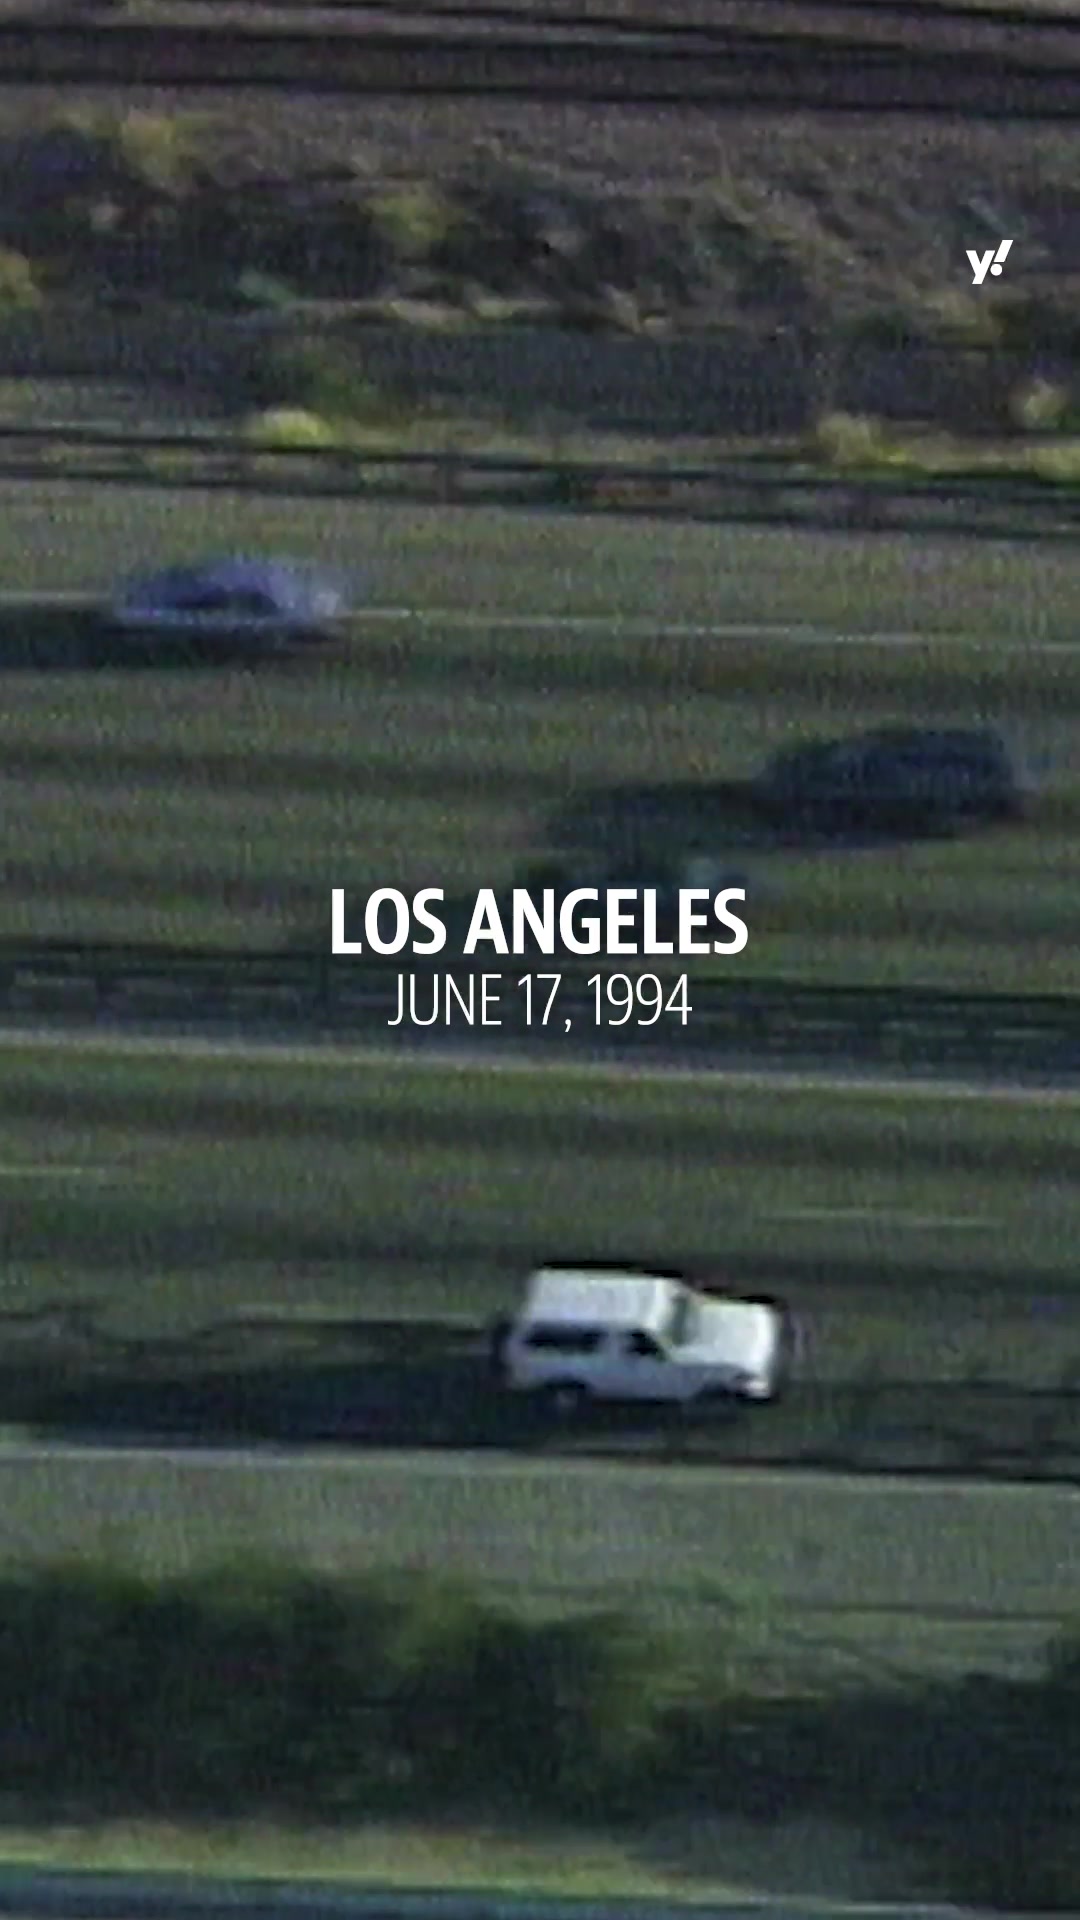 Part 1: It's been 30 years since O.J. Simpson's Bronco chase captivated the nation, in 1994. But what was it like to actually witness it? #news #ojsimpson #yahoonews
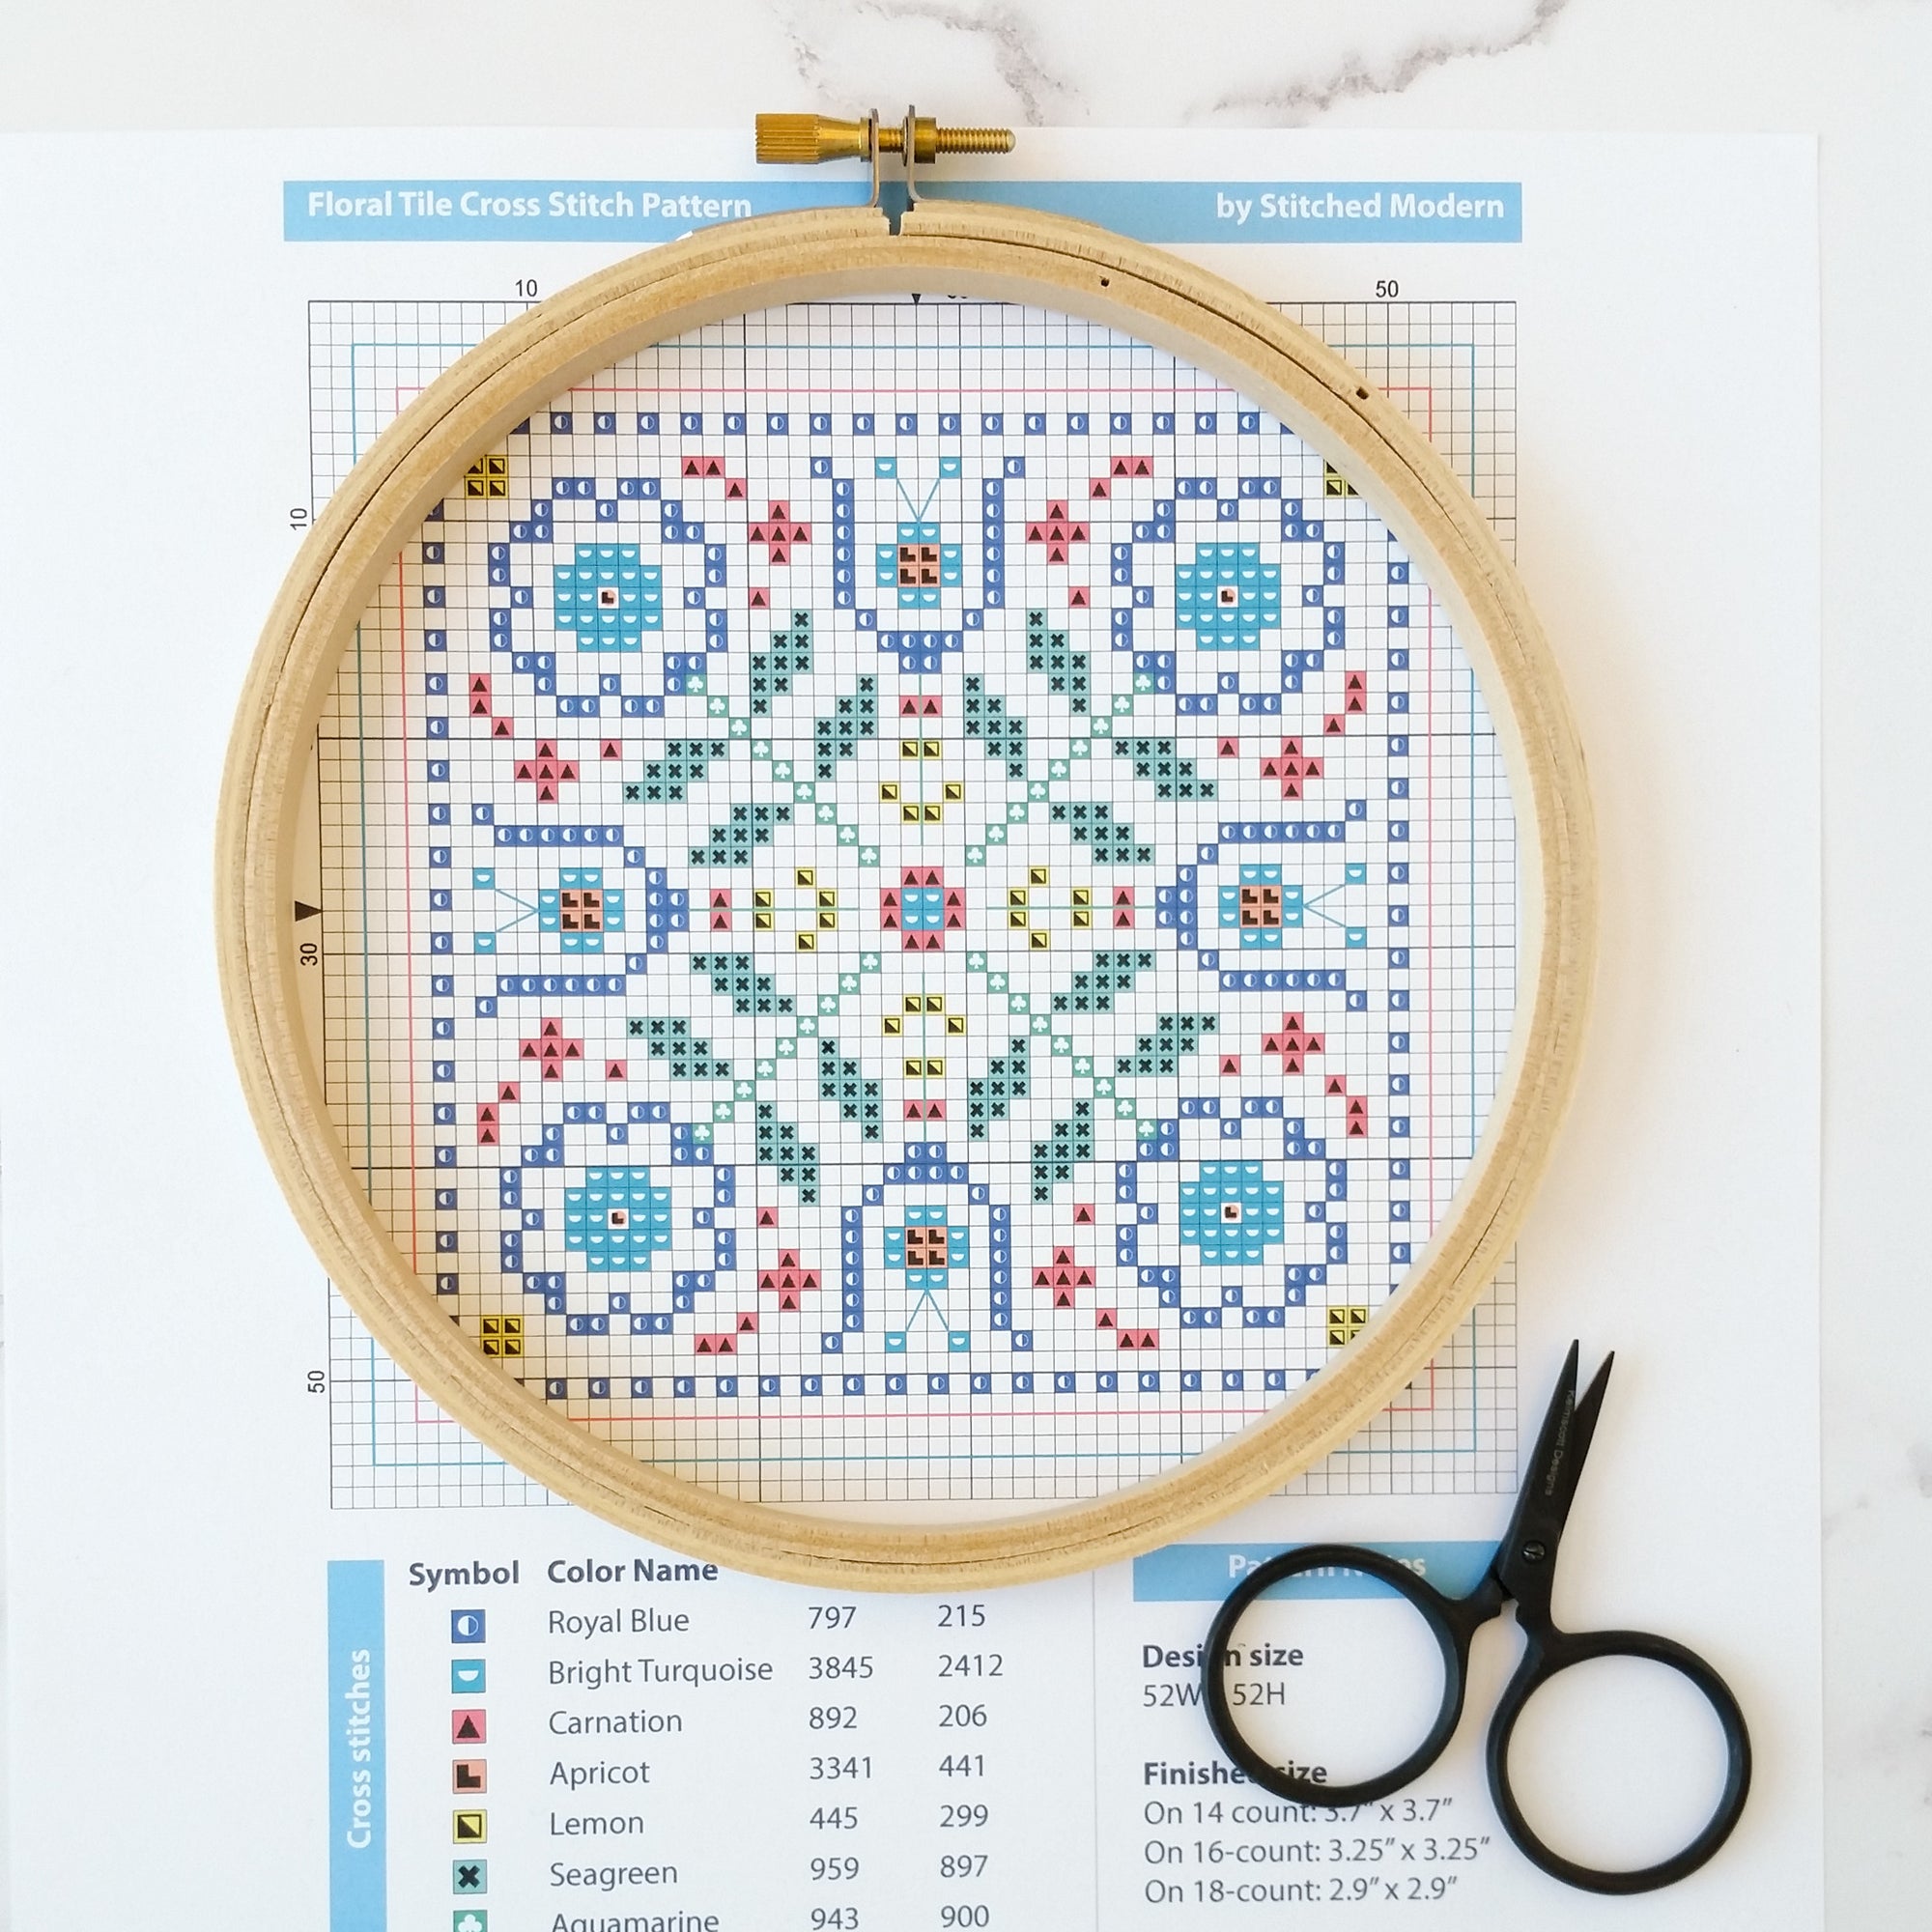 Sewing Patterns, Meaning & Symbols - Lesson
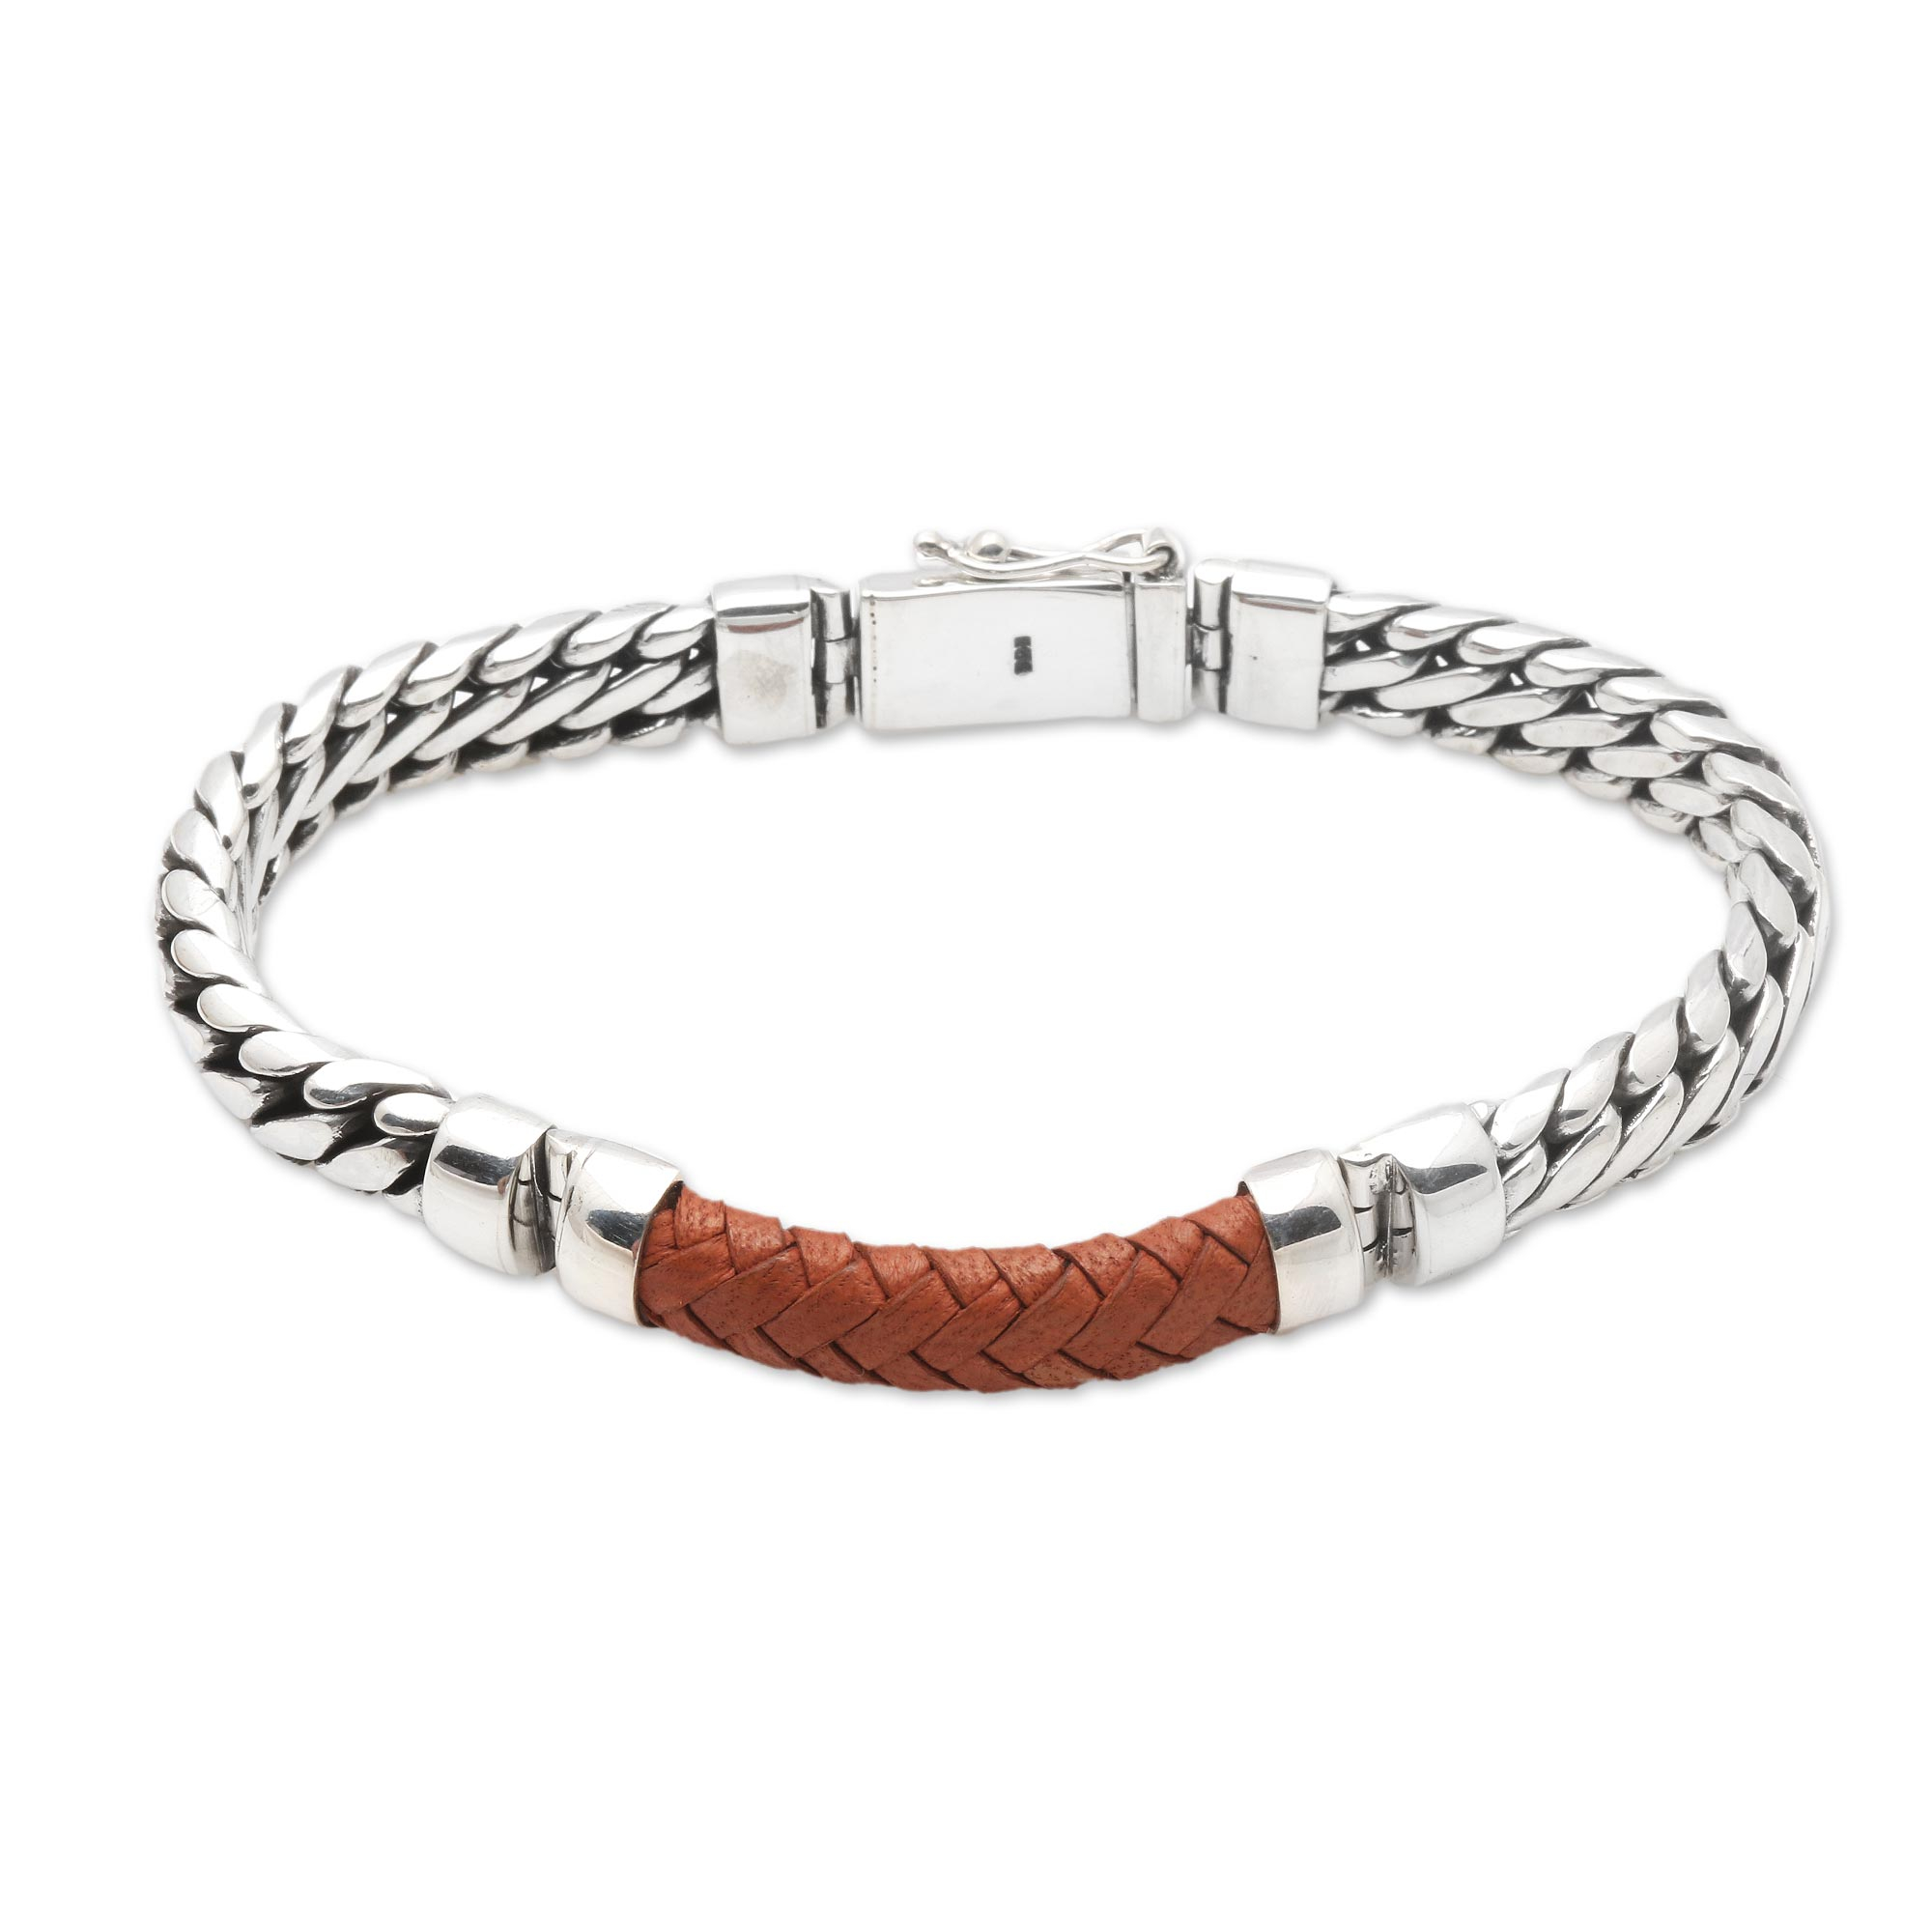 UNICEF Market  Handmade Brown Leather and Sterling Silver Wrap

Your instructions:
All that is needed is the lines from the line holding "Sewing Patterns, Meaning & Symbols - Lesson" to the final line of the listing above, repeated exactly, pictures excluded.

Written answer:
 Sewing Patterns, Meaning & Symbols - Lesson
 UNICEF Market  Handmade Brown Leather and Sterling Silver Wrap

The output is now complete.